L’enquête, indépendante de tout média, a interrogé 30 salles d’escalade pour mesurer la manière dont elles accueillent les femmes, les personnes trans, non-binaires, agenres et intersexes, ainsi que les mesures concrètes prises pour rendre la pratique plus inclusive.
Entre chiffres, témoignages et initiatives locales, cette étude révèle des tendances fortes : la présence ou non de femmes dans les équipes, les aménagements pour le confort et la sécurité, et la politique sur le torse nu semblent directement liées au sentiment d’accueil et de légitimité des personnes sexisées dans le milieu de l’escalade.
Découvrez le cœur des salles, un univers où le plaisir de grimper se mêle encore trop souvent à des dynamiques de genre inégalitaires, mais où des solutions existent et peuvent transformer la pratique pour toutes et tous.
Une enquête indépendante pour comprendre l’inclusivité en salle
Face à l’absence de mesures concrètes dans leur propre salle, le collectif « Garde ton top » a décidé de mener un travail de terrain pour évaluer la situation dans d’autres salles d’escalade françaises.
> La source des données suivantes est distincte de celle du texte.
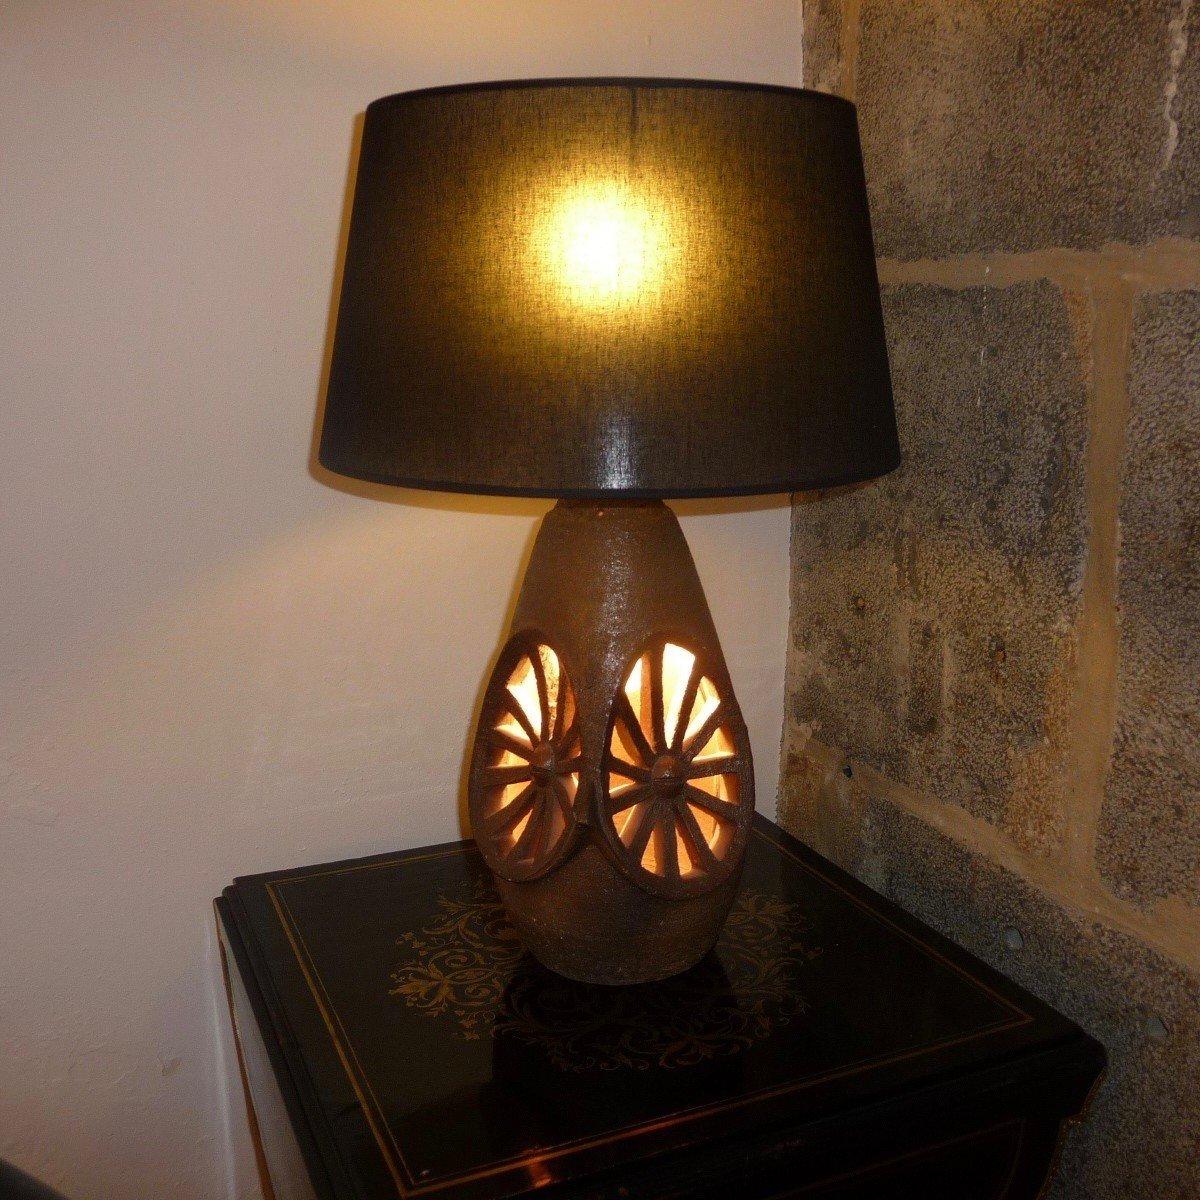 Vallauris Keramiklampe von Musarra, 1950er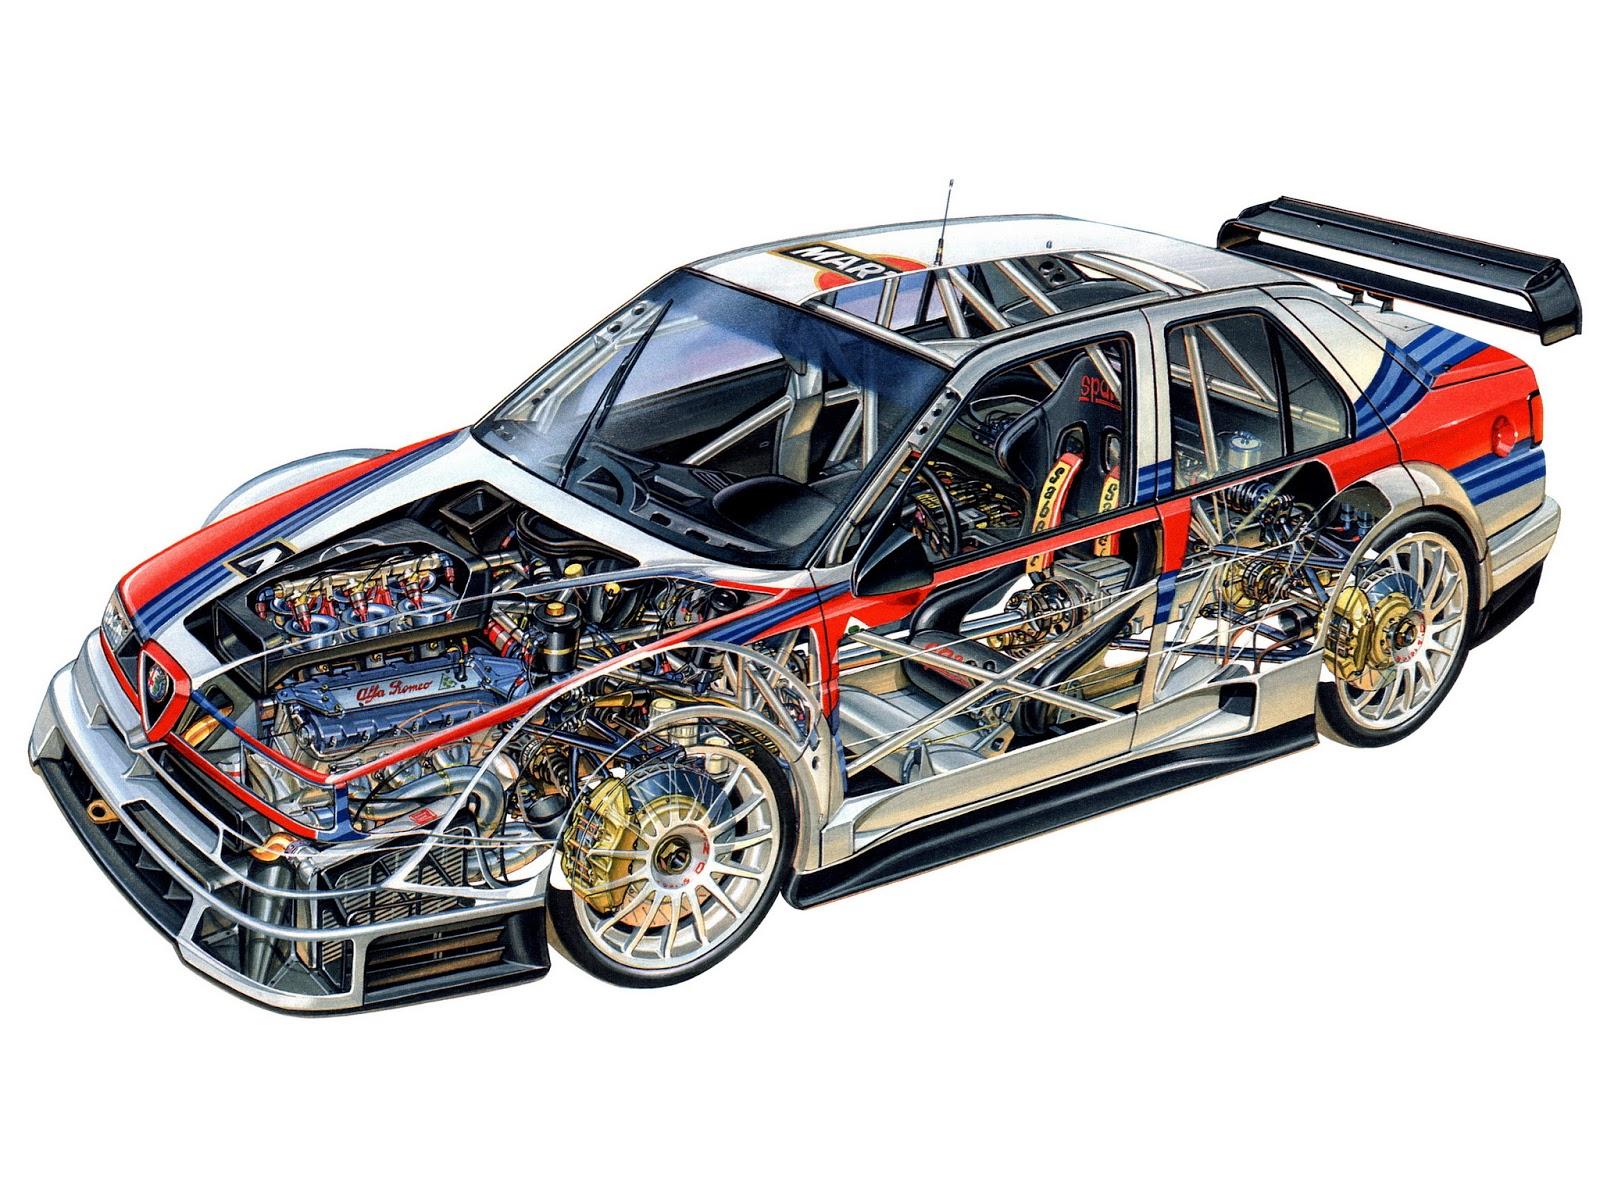 lfa2BRomeo2B1552BV62BTi Άκου τον ήχο του V6 της Alfa Romeo 155 Ti, να περνά ουρλιάζοντας στις 12,000 σ.α.λ, μέσα από τα ιταλικά βουνά. alfa romeo, Alfa Romeo 155, Alfa Romeo 155 V6 Ti

Entre janvier et mars 2025, les membres du collectif ont contacté 30 salles, appartenant majoritairement à des franchises reconnues telles que Climb Up, Arkose ou Block’Out.
L’objectif ? Observer comment les salles abordent la question de l’inclusivité des personnes sexisées — femmes, personnes trans, non-binaires, agenres et intersexes — à travers plusieurs aspects concrets :
la politique sur le port du torse nu ;
la mise à disposition de protections périodiques ;
la présence de vestiaires inclusifs ou d’autres aménagements favorisant la sécurité et le bien-être ;
la représentation des femmes et minorités de genre parmi les ouvreuses et monitrices ;
les formations et dispositifs de prévention contre le harcèlement sexiste ou sexuel.
Chaque critère a été noté pour établir une note d’inclusivité, permettant de comparer les salles entre elles et de mettre en évidence les pratiques les plus avancées.
L’enquête n’est pas scientifique au sens statistique, mais elle offre un panorama concret et instructif des initiatives existantes et des freins rencontrés.
Cette démarche indépendante montre aussi à quel point les dynamiques de genre et l’inclusivité peuvent varier d’une salle à l’autre, et comment certaines décisions simples — comme interdire la grimpe torse nu — peuvent avoir un impact direct sur le confort et la sécurité des grimpeur·euses sexisé·es.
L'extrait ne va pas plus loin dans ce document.